Запущенные и брошенные детки – её прямая компетенция, да и Галка всё равно на больничном сидит, чего её попусту дёргать? Следует зайти в дом, представиться по форме да провести с папашей профбеседу, чтоб ребёнка не притеснял, если на учёт попасть не хочет.

- Мальчик, твой папа не пьяный? - с пьяным мужиком умная Валентина в одиночку бы связываться не стала, сперва наряд бы по телефону вызвала.
 
- Спиртного наш батюшка не приемлют, - строго отвечает из-за решётки псаломщик Фома.

- Непьющий? – ободряется Валя-Теплушка. – Тогда жди, я сейчас сама к вам поднимусь. Проверю жилищно-бытовые условия, перекинусь с твоим папой парой слов насчёт псалмов и семейного воспитания. Какая у вас квартира?

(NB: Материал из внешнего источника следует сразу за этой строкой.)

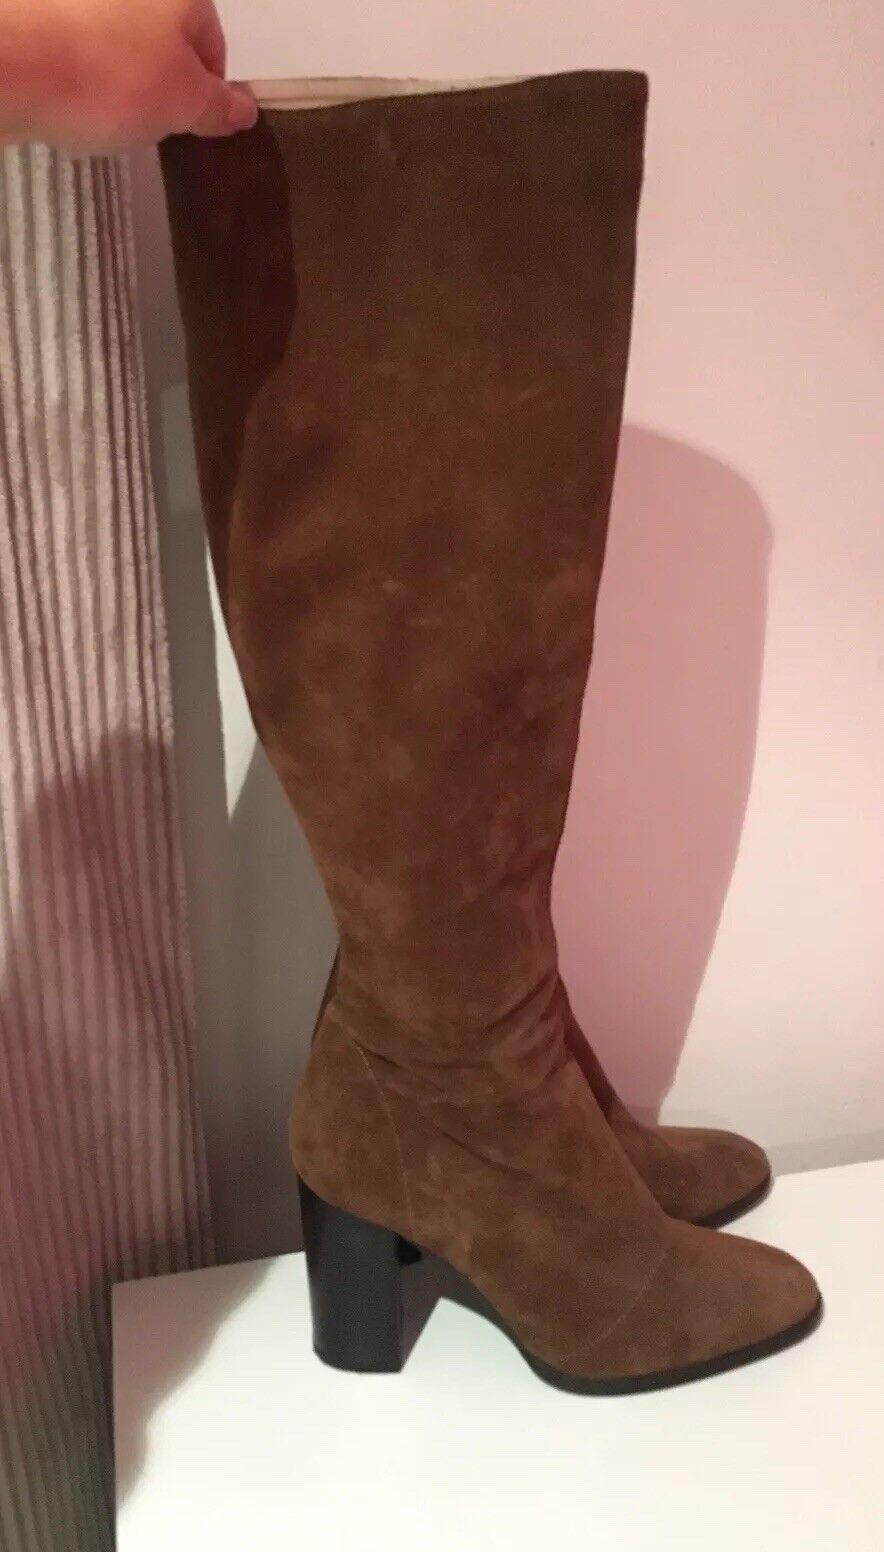 Zara Suede High Heeled Knee High Stiefel - Größe 7 - Only Worn Once

Оглянувшись на балконную дверь, Фома чешет затылок:

- Квартира наша зело грязная.

- Антисанитария, значит? – почти радостно отмечает Валентина Юрьевна. – Разберёмся. Ты не понял, Фома. Номер квартиры у вас какой?

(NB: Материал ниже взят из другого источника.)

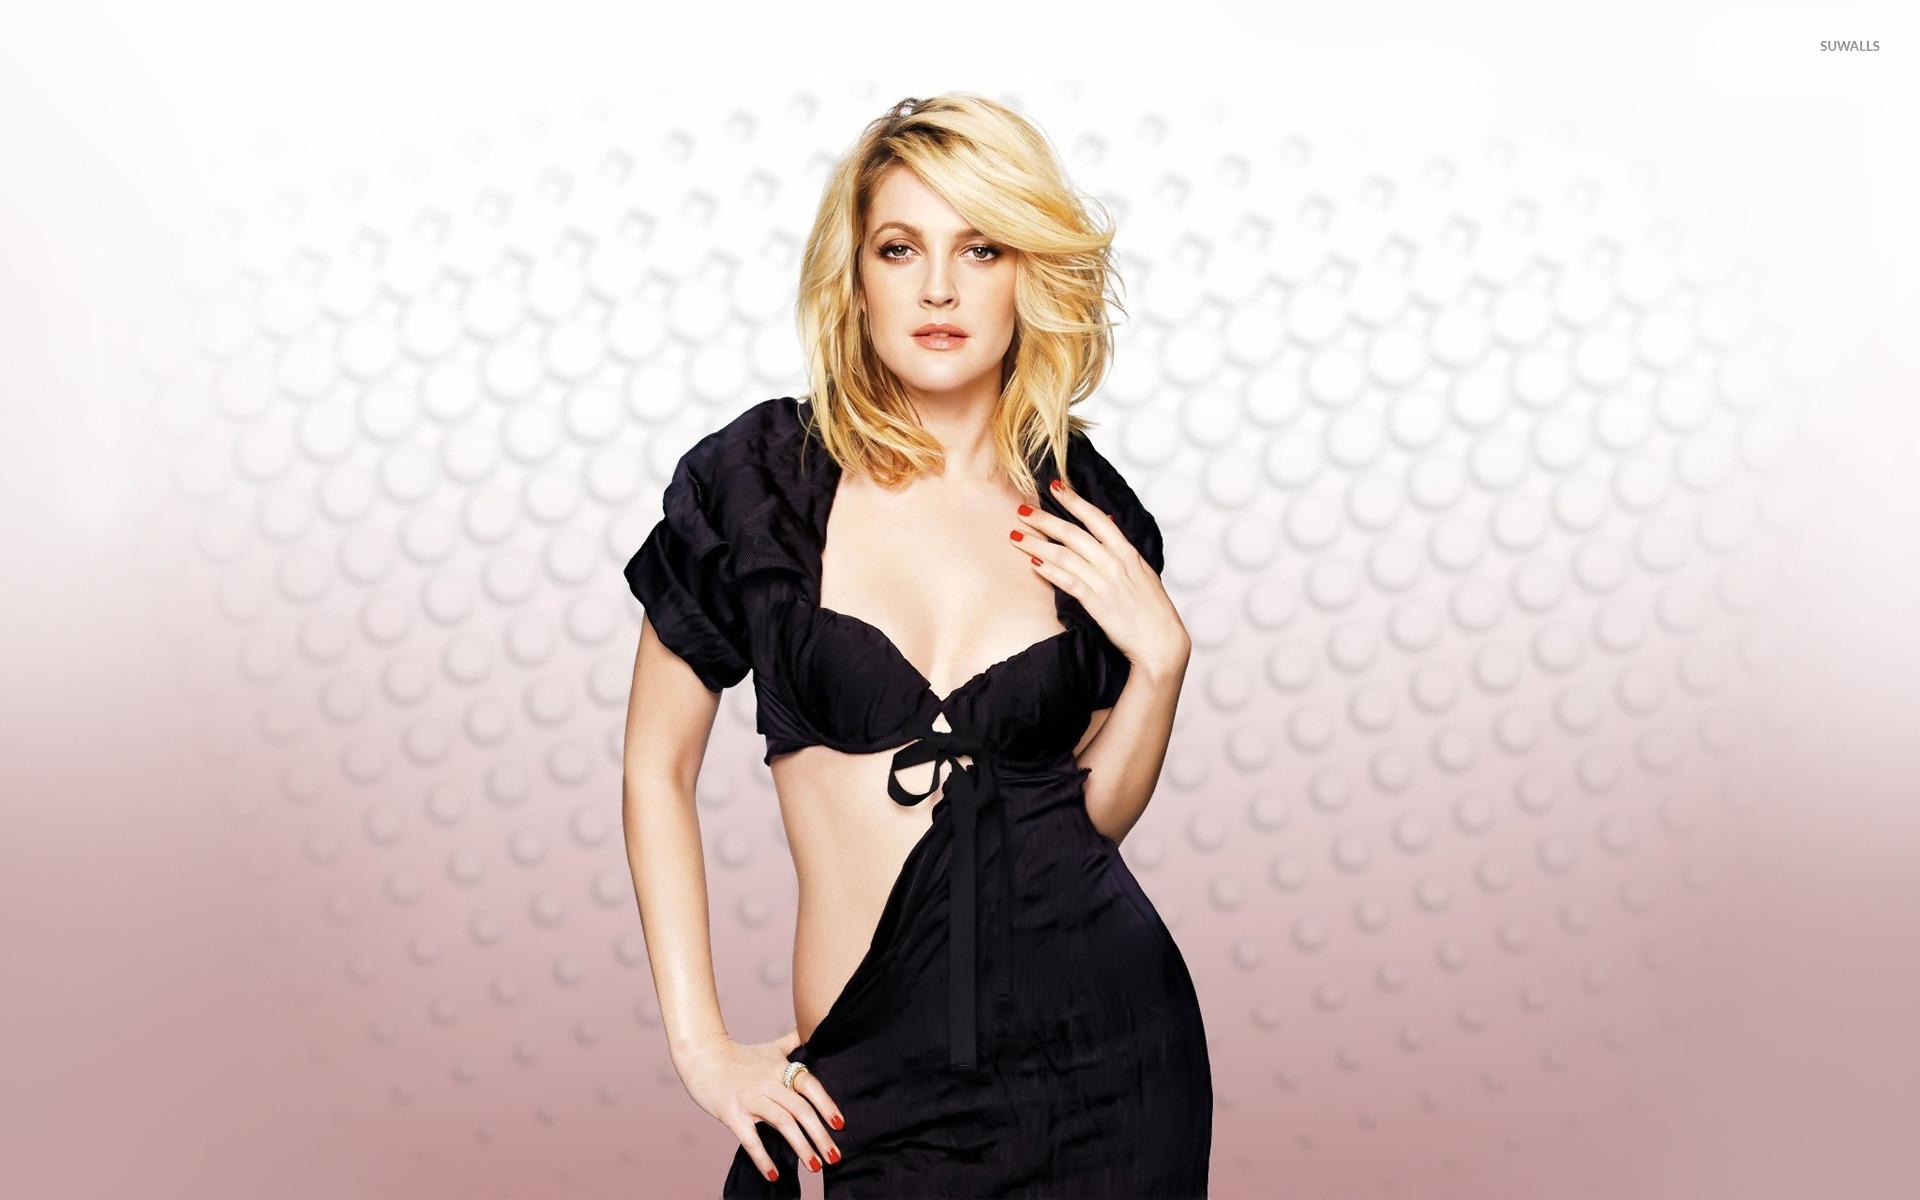 Drew Barrymore 2 Wallpaper Celebrity Wallpapers 12653

На скамейке две бабки сидят, с интересом прислушиваясь к разговору балконного мальчика с очаровательной и гладкой девушкой-полицейской.

- Сорок первая у них квартира, - подсказывают бабки. – Аккурат напротив Марьи Игоревны.

Вмешательство скамеечных бабок почему-то сердит честную инспектора Теплогубову.

- Стыдно, женщины! - говорит она. – Отец на холодный балкон ребёнка выгнал, а вы бездействуете. Где ваша общественная позиция? Почему не сообщаете куда надо?

- Чтоб нас по повесткам потом затаскали? – справедливо огрызается одна бабка. – Не можу ходить, у меня радикулит и давление, аж в шарах темно.

- А у меня сердче и ноги, - ябедничает вторая. – На уколах сижу.

Валентина готова поклясться, что большую часть суток бабки сидят на лавке у подъезда, а вовсе не на уколах, у неё самой во дворе день и ночь прохлаждаются такие же «хворые» старушенции.

- Они недаве сюда переехали, - добавляет первая бабка. – Паренёк ихний, Фомка этот, часто на балконе посиживает, молитвы учит.

- Значит, мы имеем систематическое унижение ребёнка, сопряжённое с религиозным уклоном? – старший лейтенант ПДН Валентина Юрьевна словно уже составляет протокол на Фомкиного отца.

Впрочем, религию Валентина задела зря – скамеечные бабки моментально настраиваются против «атеистки в погонах». Начинают горланить наперебой:

- Сразу и «уклоны» какие-то! Бюрократка! Парнишка слово Божие учит, не похабщину вашу нынешнюю!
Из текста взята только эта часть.